AIM OF THE EXERCISE:
With any pictures left out, restate word for word the lines in the listing below from the one holding "Sample page 7" through the last.

*** GIVEN MATERIAL ***

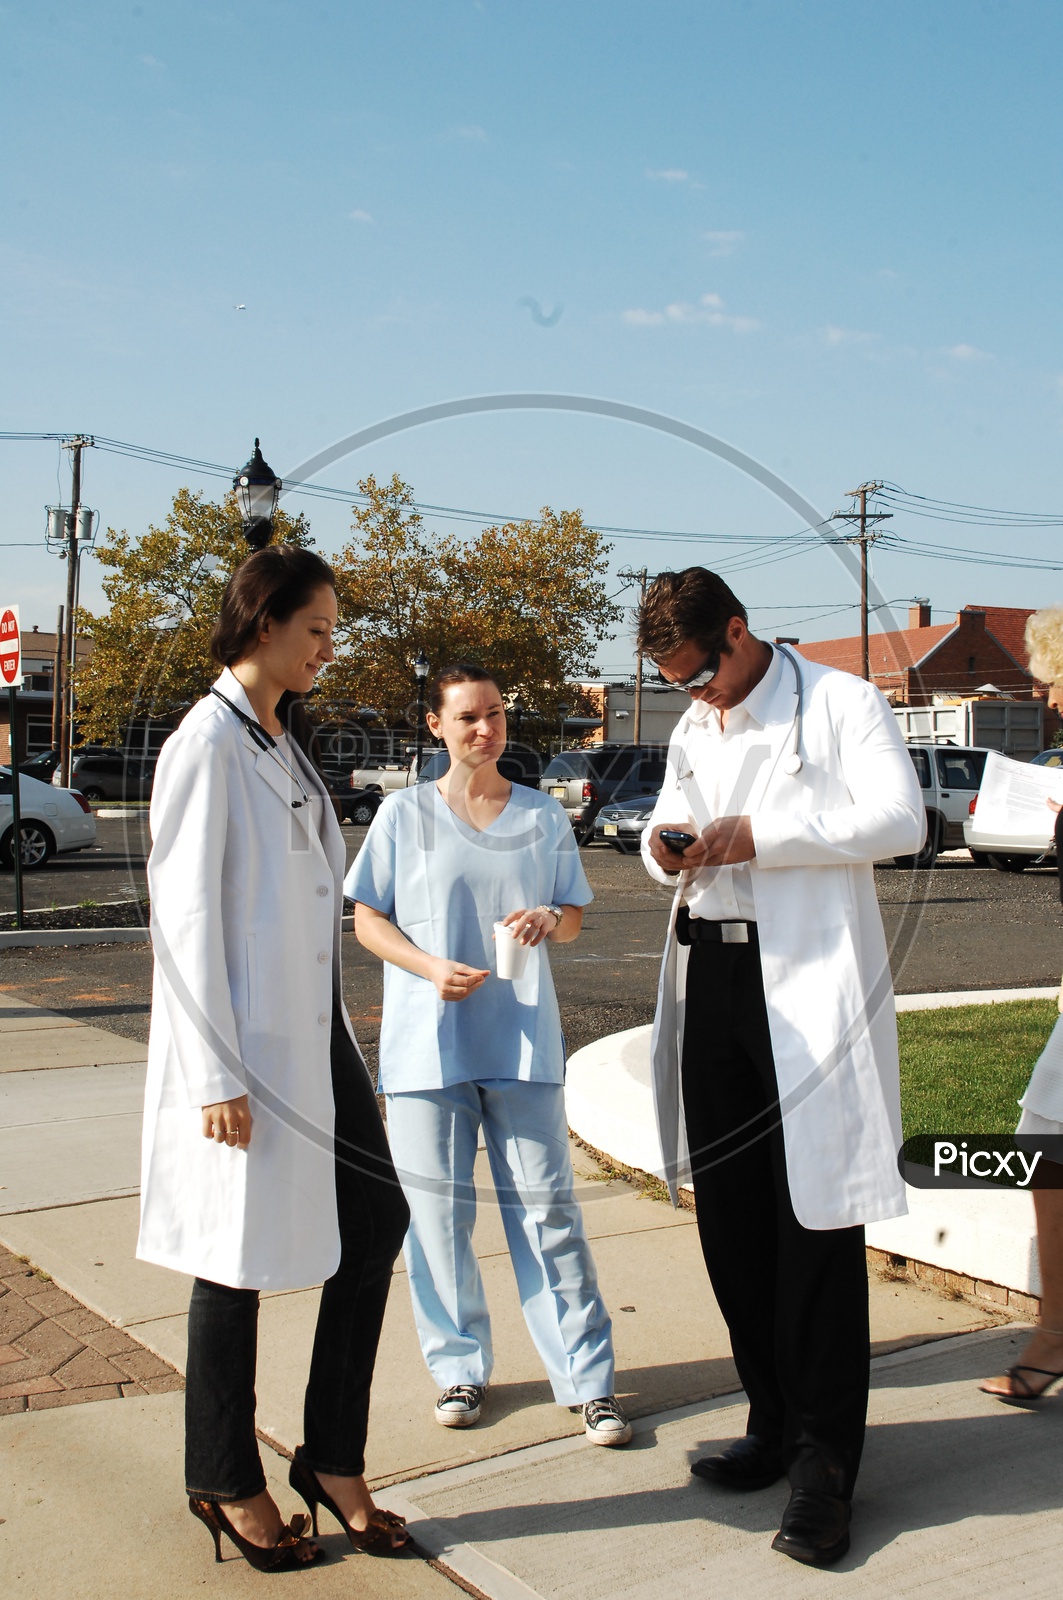 A male and a female doctors wearing white coat with stethoscopes talking to a patient on the road
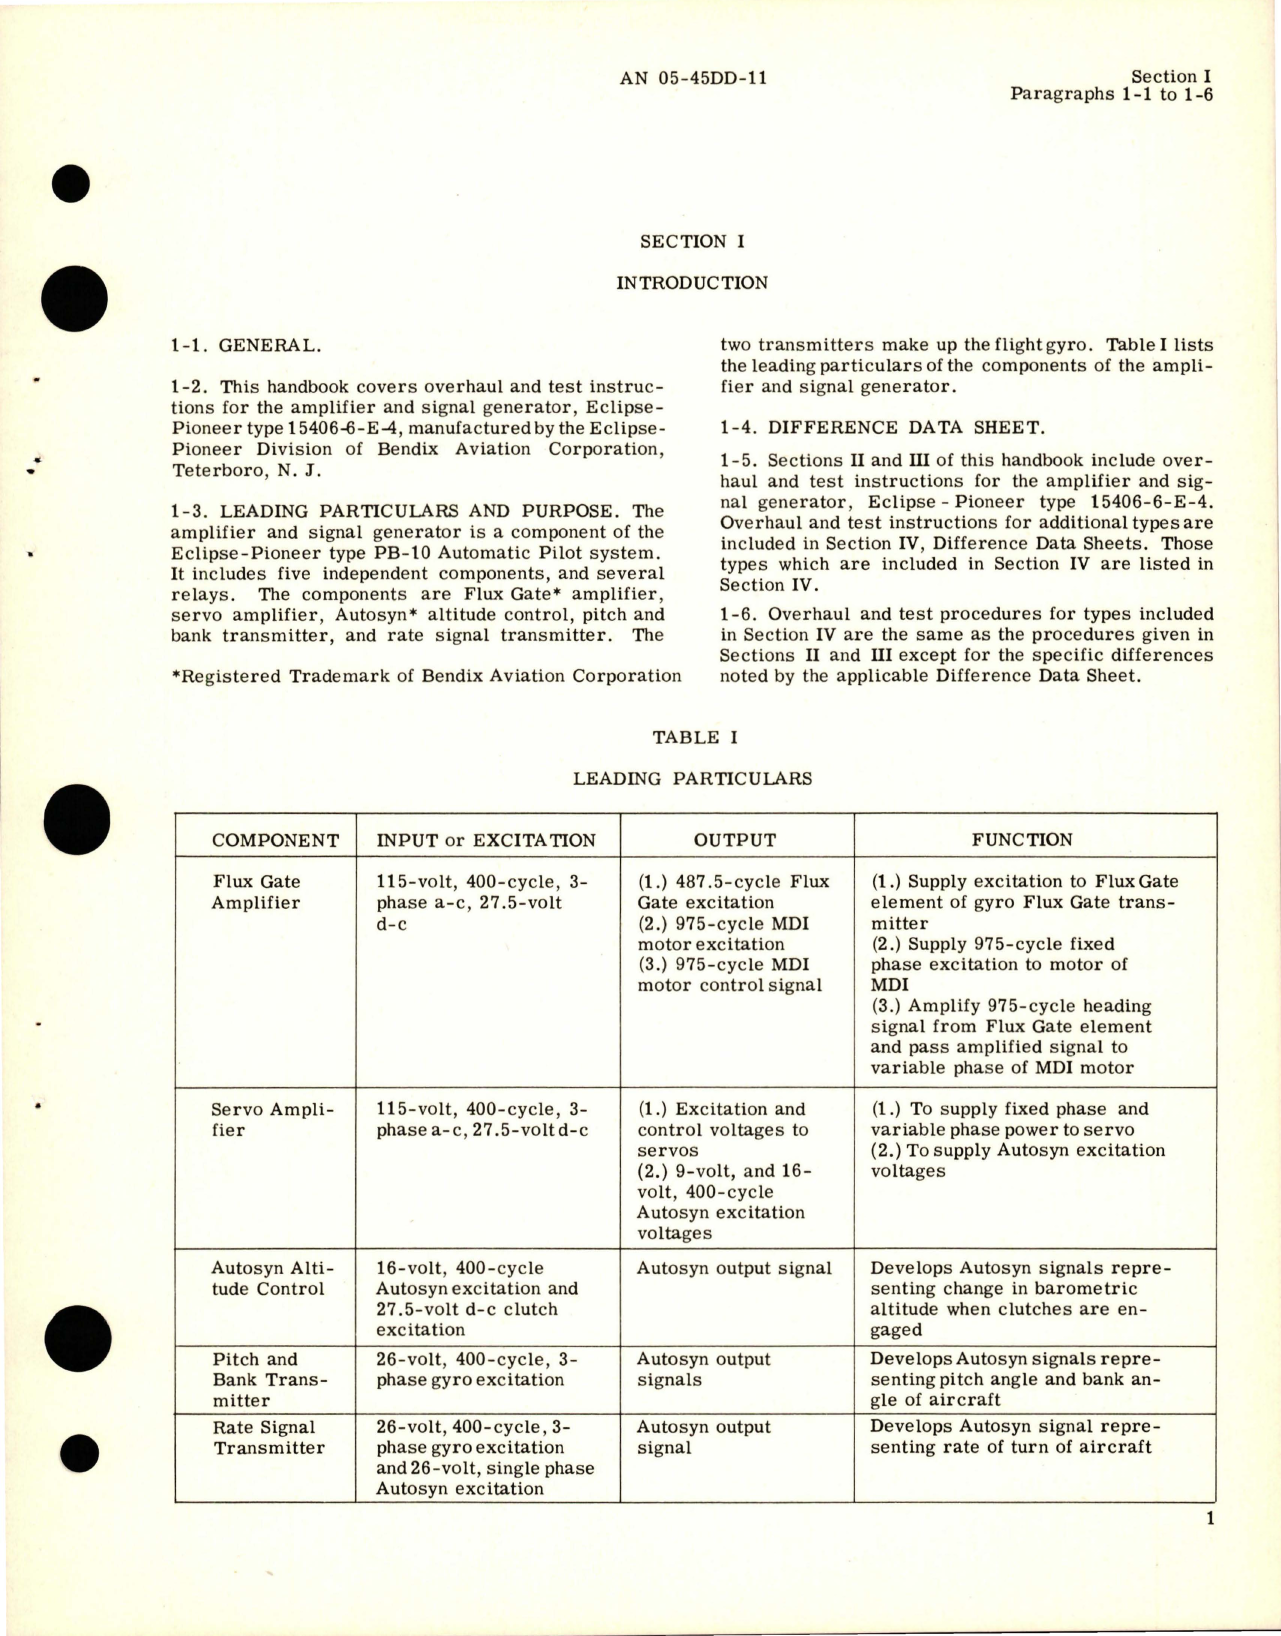 Sample page 7 from AirCorps Library document: Overhaul Instructions for Amplifier and Signal Generator - Parts 15406-6-C-4, 15406-6-D-4, 15406-6-E-4 
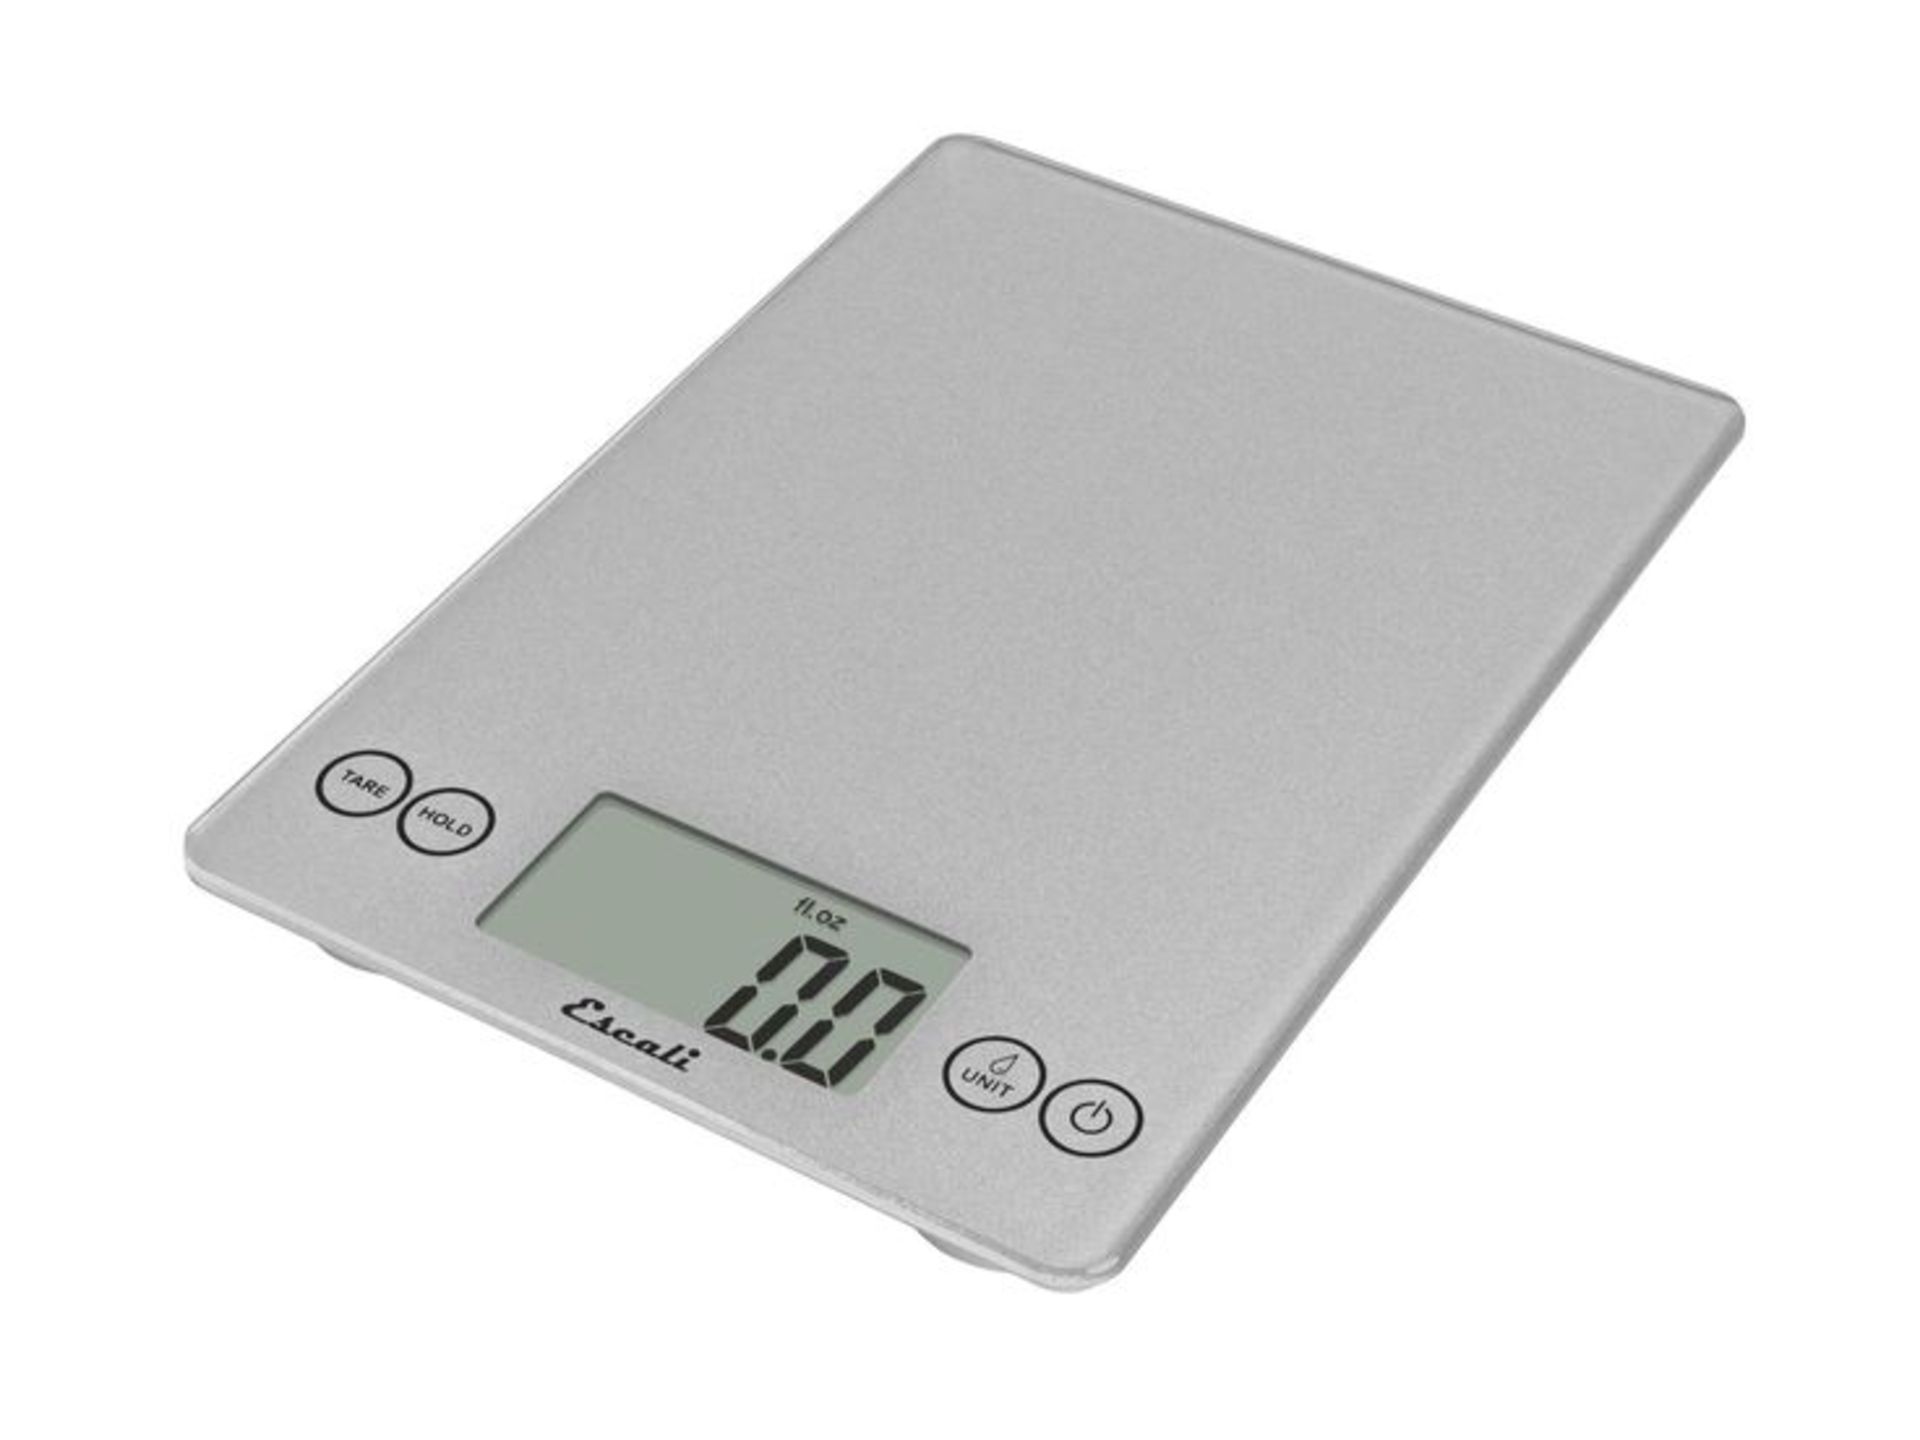 V Brand New Digital Kitchen Scales with Large LCD Display in lbs OZs and Grams (Styles may vary - Image 2 of 3

*** End of GIVEN MATERIAL ***

ANSWER TO THIS EXERCISE:
 Sample page 7 from AirCorps Library document: Overhaul Instructions for Amplifier and Signal Generator - Parts 15406-6-C-4, 15406-6-D-4, 15406-6-E-4 
 V Brand New Digital Kitchen Scales with Large LCD Display in lbs OZs and Grams (Styles may vary - Image 2 of 3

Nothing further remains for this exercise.